PROBLEM TO WORK ON: Copy out the data below as written; omit any images.

DATA SEGMENT:

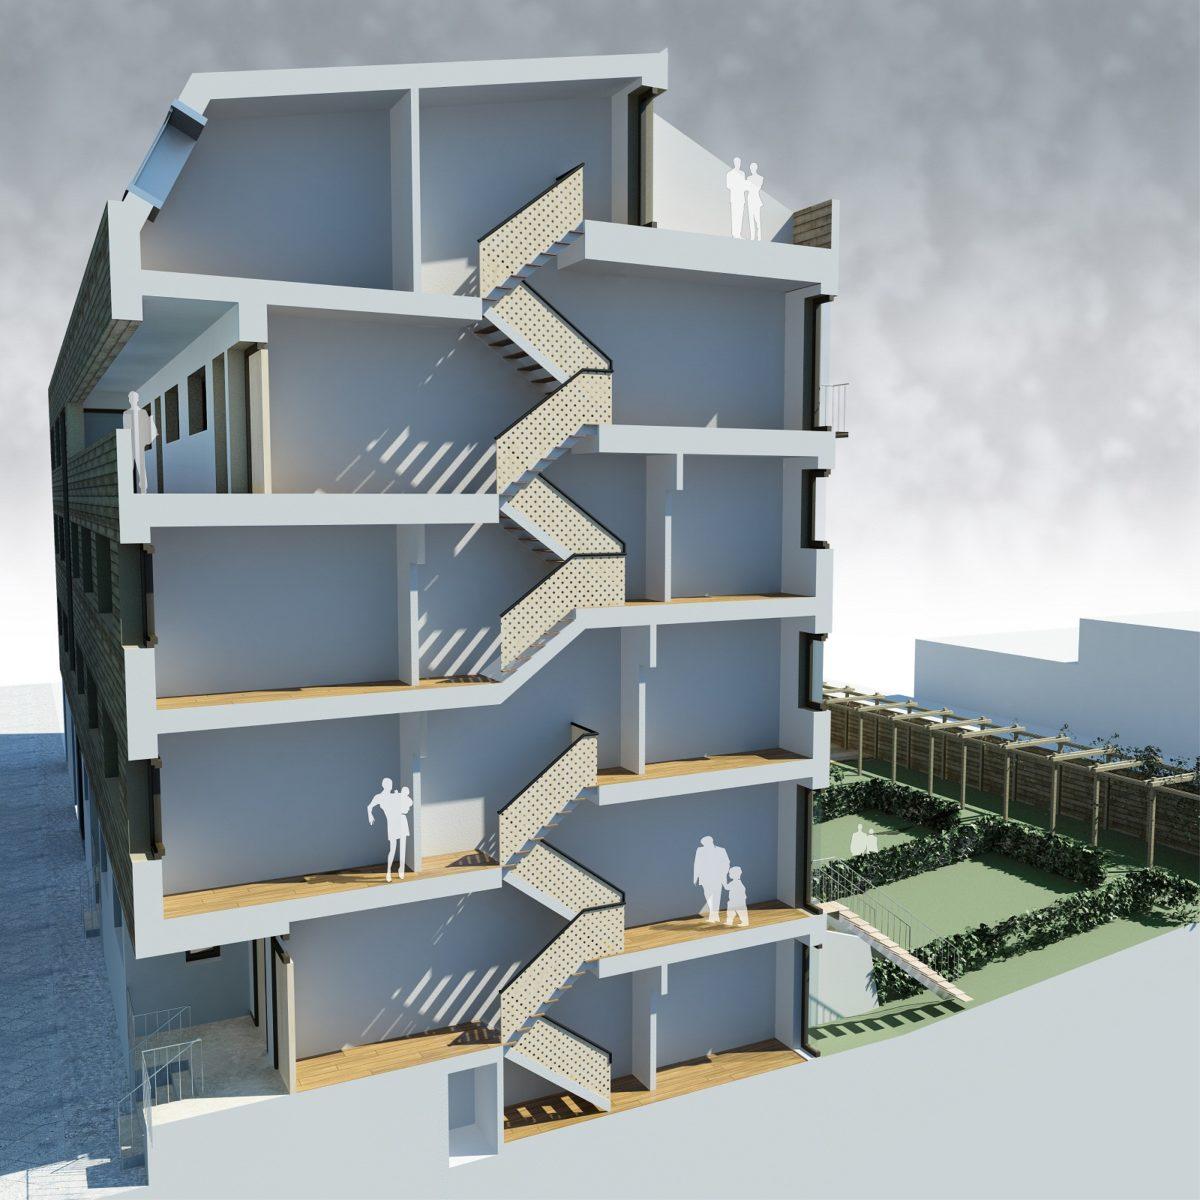 Wohnhaus Streustraße 72-73 – 13086 Berlin-Pankow_brandschutz plus eberl-pacan brandschutzplaner_Visualisierung Schnitt Treppenhaus
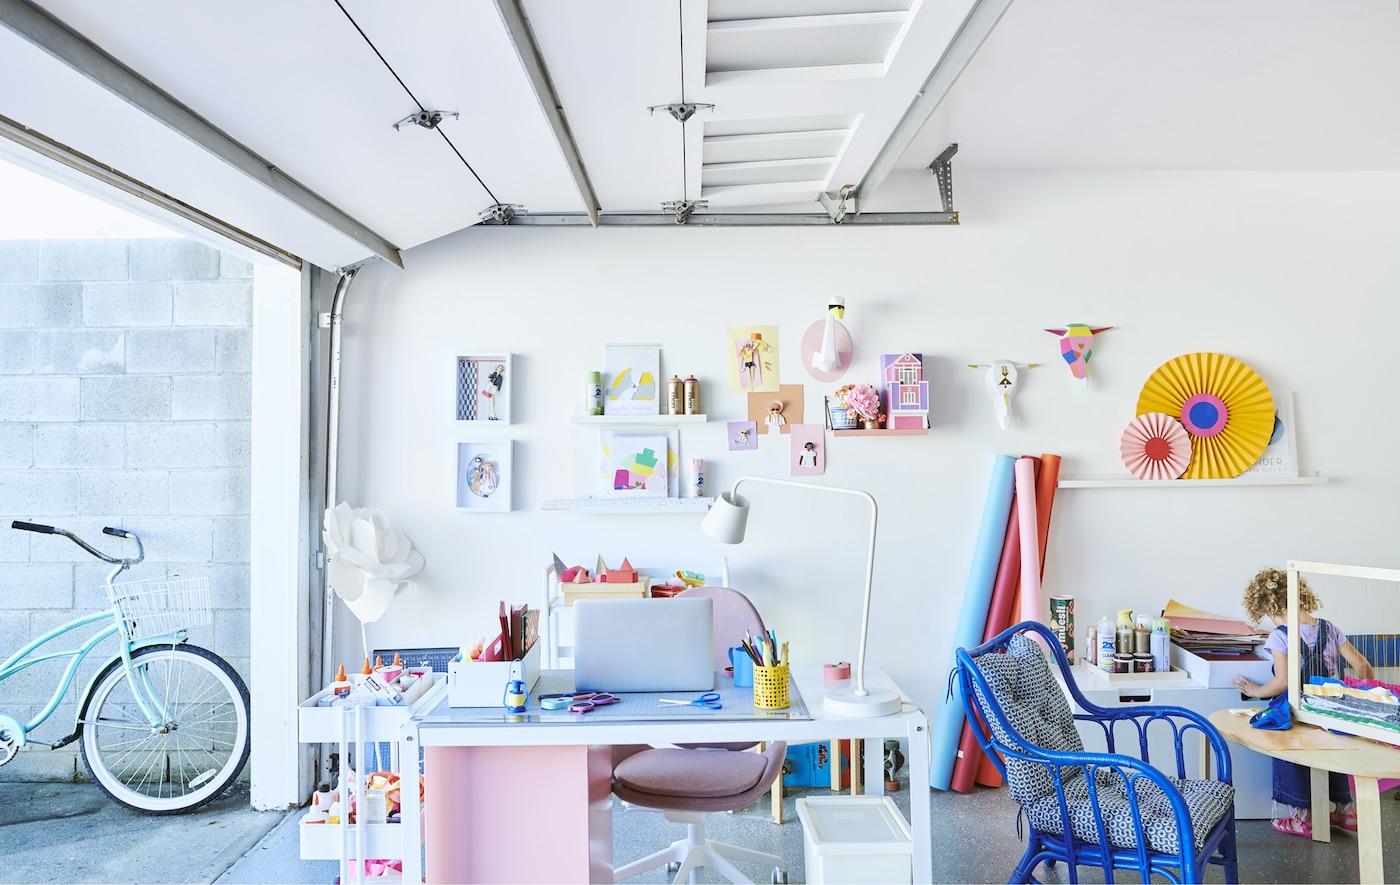 Un espacio de trabajo colorido con un escritorio, un carrito, sillas y expositores de pared, en un garaje con la puerta corredera abierta.
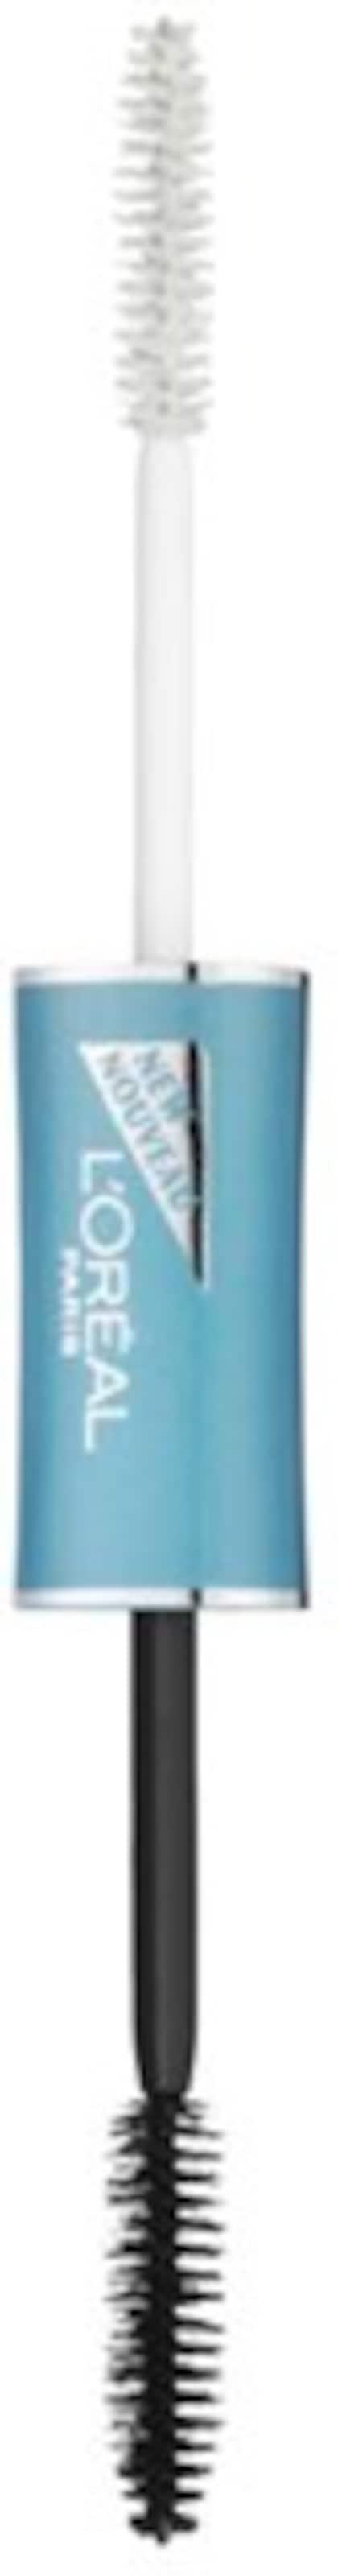 L'Oréal Paris 'Double Extension' Mascara Lieferung Frei Haus Mit Paypal uQqbbj4qsP

TASK RESPONSE:
 Wohnhaus Streustraße 72-73 – 13086 Berlin-Pankow_brandschutz plus eberl-pacan brandschutzplaner_Visualisierung Schnitt Treppenhaus
 Un espacio de trabajo colorido con un escritorio, un carrito, sillas y expositores de pared, en un garaje con la puerta corredera abierta.
 L'Oréal Paris 'Double Extension' Mascara Lieferung Frei Haus Mit Paypal uQqbbj4qsP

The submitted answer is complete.